Desde la tradición rabínica, el énfasis está en el versículo final:
“Y pondrán Mi Nombre sobre los hijos de Israel, y Yo los bendeciré.”
La interpretación clásica sostiene que los kohanim no poseen poder independiente: son el canal de la bendición, mientras que la fuente última es Dios.
Las ofrendas tribales y la unidad de Israel
Bamidbar 7 repite doce veces ofrendas casi idénticas realizadas por los líderes tribales.
Aunque un lector moderno podría percibir redundancia, la repetición cumple una función deliberada: otorgar dignidad equivalente a cada tribu.

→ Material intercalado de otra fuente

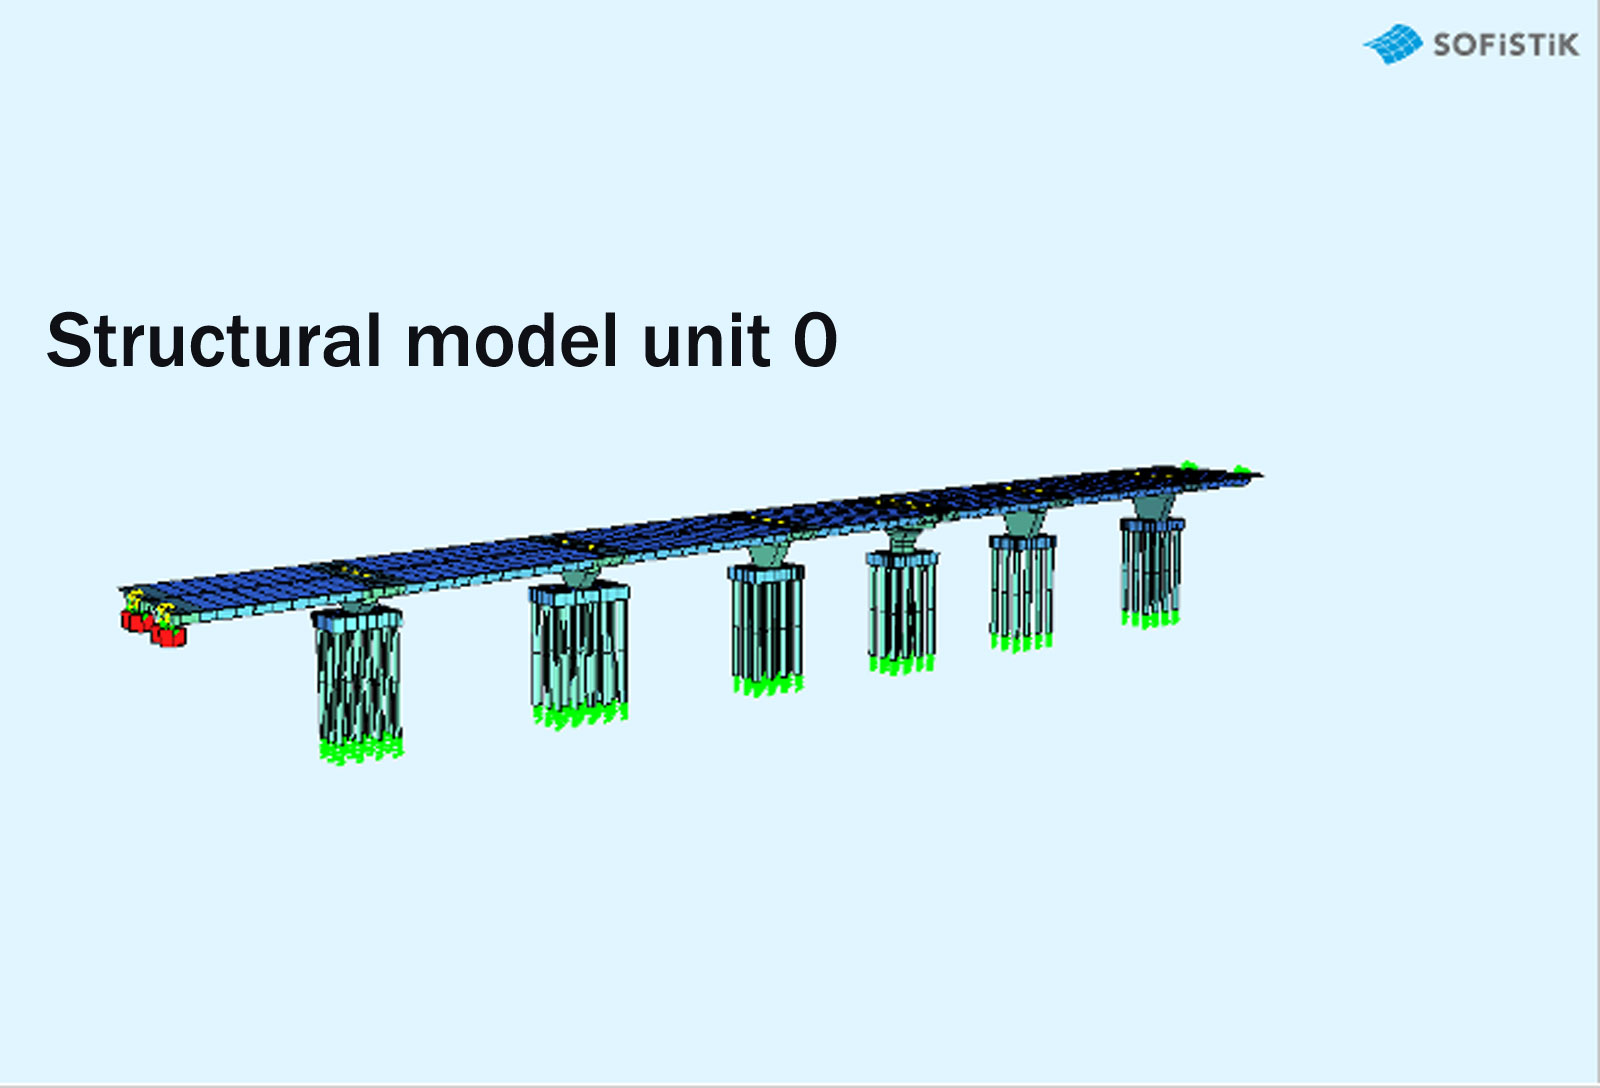 Structural model of segmental bridge

Los sabios explican que, aun siendo materialmente iguales, cada ofrenda poseía una intención espiritual única.
El resultado es una enseñanza política y religiosa profunda: Israel puede ser uno sin perder diversidad.
Conclusión
La Parashat Nasó ofrece un terreno excepcional para dialogar entre estudios bíblicos modernos y tradición rabínica.
La crítica académica ilumina contexto histórico, arqueología, instituciones sacerdotales y composición textual. La tradición rabínica aporta interpretación ética, espiritual y normativa.
Ambas perspectivas convergen en una idea poderosa: una comunidad sagrada no surge espontáneamente. Se construye mediante orden, responsabilidad, autocontrol, justicia, bendición y memoria colectiva.